Thousands of people are hoping to hit the open road this summer and head to Drumheller to see the dinosaurs or to the Western Development Museum to learn about the olden days.
There’s just one problem: sky high taxes on gasoline and diesel.
Before we blame Prime Minister Justin Trudeau and his carbon tax that costs us 17 cents per litre of gasoline, folks in Alberta and Saskatchewan should cast a withering glance at their provincial capitals.
Yes, that’s right. The governments of both Alberta and Saskatchewan are currently nailing drivers with the full cost of provincial fuel taxes.
In Alberta, drivers are paying the full 13 cents per litre for fuel. In Saskatchewan, it’s 15 cents per litre.
Premiers Danielle Smith and Scott Moe are right when they put the boots to Trudeau and tell him to scrap his carbon tax.
But both premiers have the power to provide immediate provincial tax relief at the gas pumps in their provinces.
So why aren’t they?
In Alberta, Smith did the right thing back in 2022 when she fully suspended the provincial fuel tax for a year. That saved drivers about $10 every time they filled up their minivans and about $15 for pickup trucks.
But as of April 1 of this year, that Alberta fuel tax is back up to full freight at 13 cents per litre.
In Saskatchewan, Moe made a good move when he refused to collect Trudeau’s carbon tax on home heating, but he hasn’t reduced the fuel tax at all, not even one time.
Now, compare the two fiercest premiers who push for lower taxes from Ottawa, Smith and Moe, to the guy in the orange jersey in Winnipeg.

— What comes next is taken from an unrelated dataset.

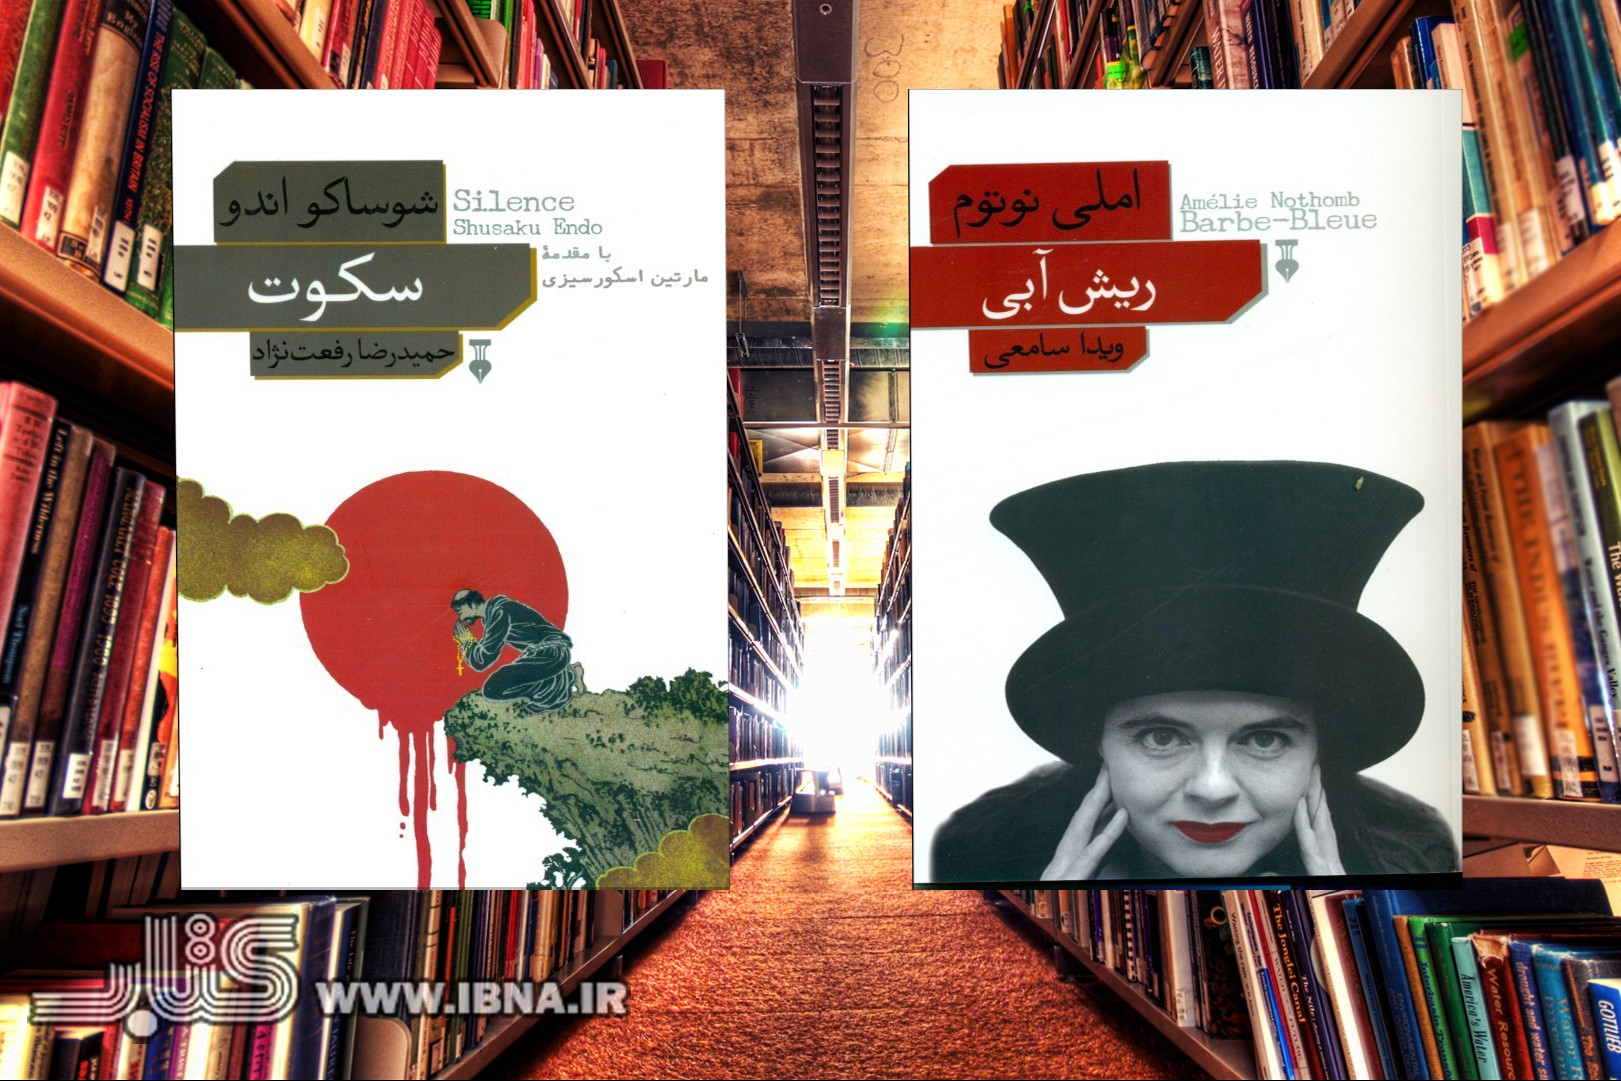 رمانی جنایی از املی نوتوم به فارسی منتشر شد

NDP Premier Wab Kinew fully suspended Manitoba’s fuel tax on Jan. 1 this year.
That move is saving drivers 14 cents per litre of gasoline and diesel, so families packing up the minivan to visit the grandparents will save more than $10 filling up their tank. A family with two cars has likely saved about $300 over the course of the cut.
And Kinew has gone even further. Initially, Manitoba’s fuel tax cut was supposed to last six months, but he recently extended it another three months. That’s going to help a lot of Manitoba families afford that summer road trip.

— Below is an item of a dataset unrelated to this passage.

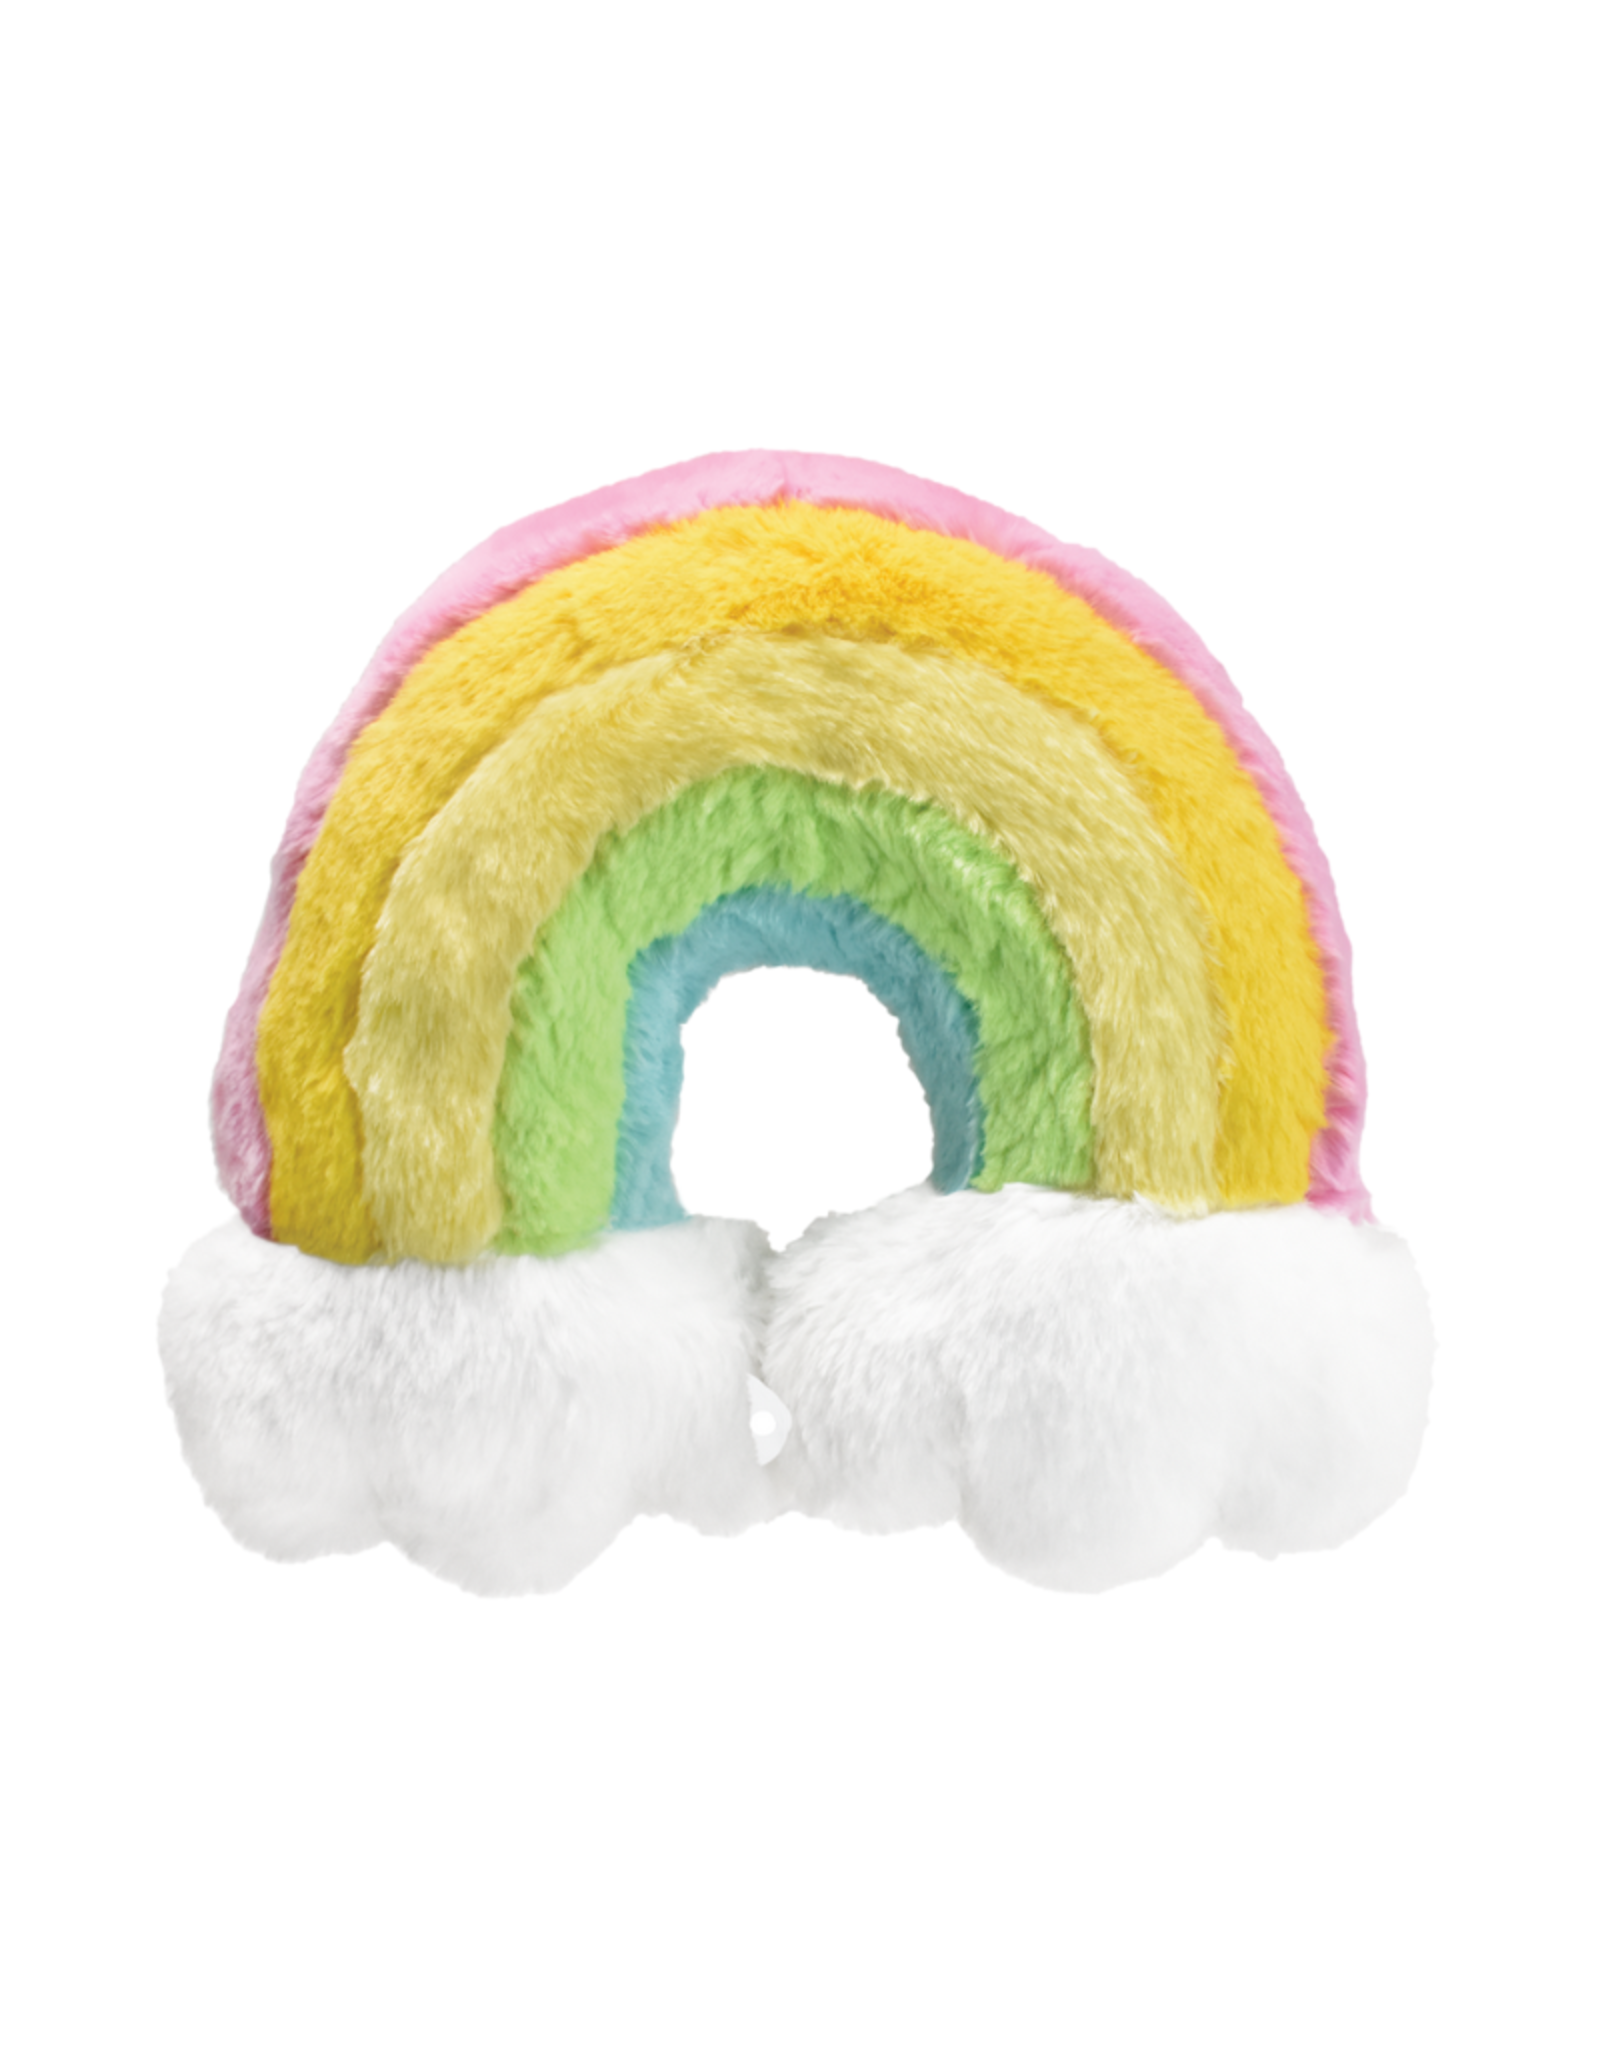 Iscream Rainbow Furry Neck Pillow

Even drivers in Ontario are getting a break at the gas pump. That’s because Premier Doug Ford recently extended his own fuel tax cut.

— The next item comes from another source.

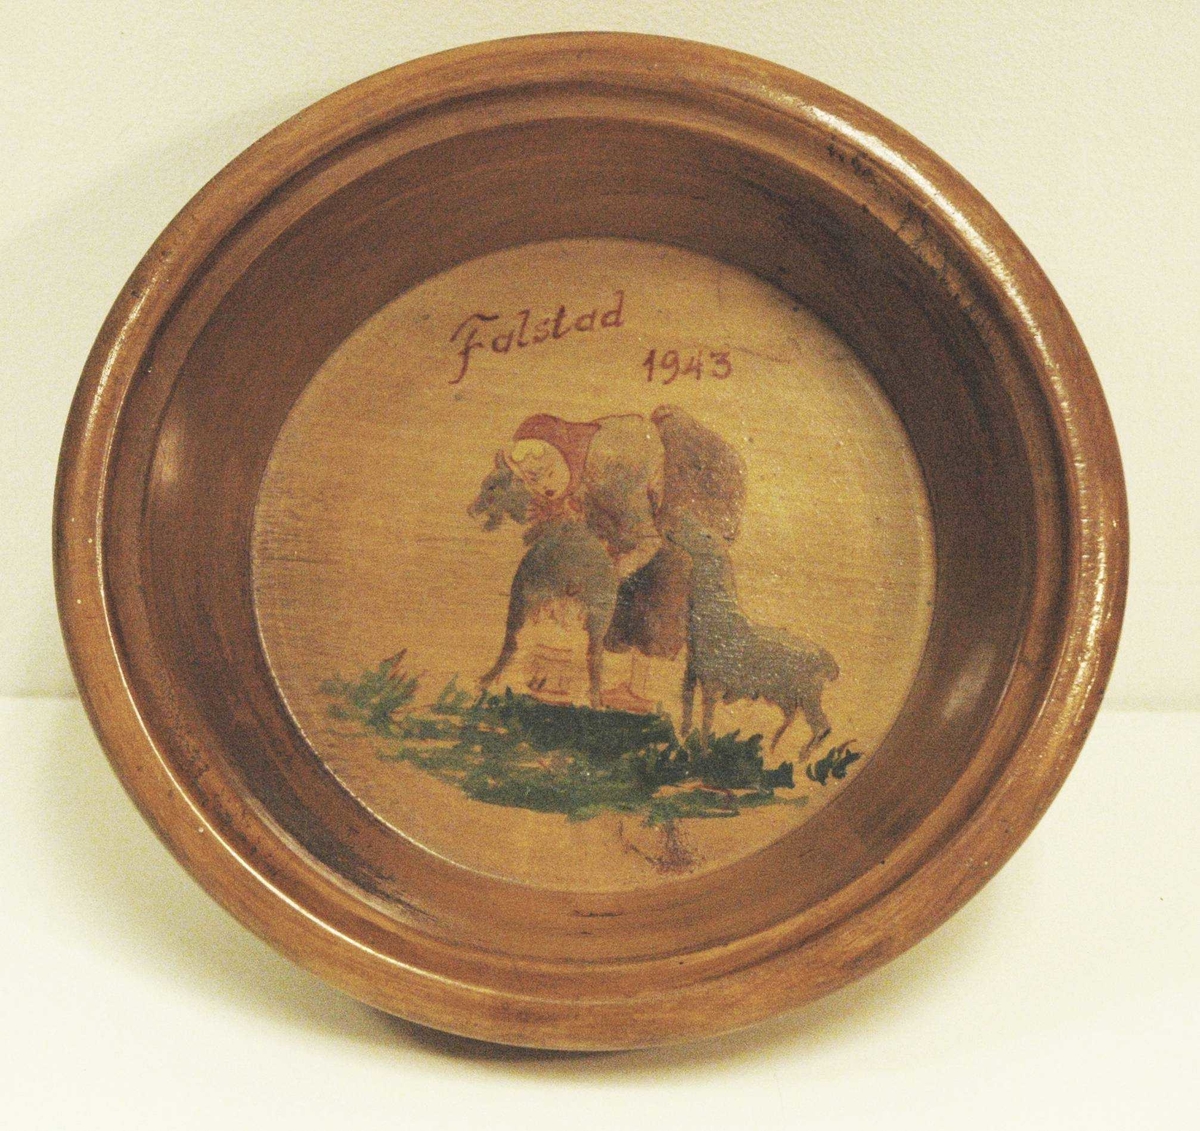 I bunnen av skåla er det malt en kvinne og to geiter (den ene melkes)

Going further east, Liberal Newfoundland and Labrador Premier Andrew Furey recently extended his own eight cents per litre gas tax cut for the entire year.
Smith and Moe can afford to offer relief to drivers without impacting their budgets and with only an ounce of spending restraint. In Alberta, the fuel tax only brings in about 1.9 per cent of province’s revenue. In Saskatchewan, it’s about 2.6 per cent.
The governments of both provinces need to trim some fat. In Alberta, Smith could start by halting the $330 million she’s earmarked to help the billionaire owners of the Calgary Flames build a new rink. Or it could wind down the Alberta Enterprise Corporation, a corporate welfare machine that is sitting on about $330 million worth of assets.
In Saskatchewan, Moe could pull back on the up to $3.7 million handout the government is offering WestJet. The government of Saskatchewan also needs to reduce its spending wholesale. This year it’s spending more money per person than any other province in Western Canada, including the NDP governments of both British Columbia and Manitoba.
Both premiers know that people need help affording the necessities, especially with the burden of the federal carbon tax. They need to dig a little deeper, find some savings and offer their taxpayers fuel tax relief.
Kris Sims is the Alberta director and Gage Haubrich is the Prairie director for the Canadian Taxpayers Federation.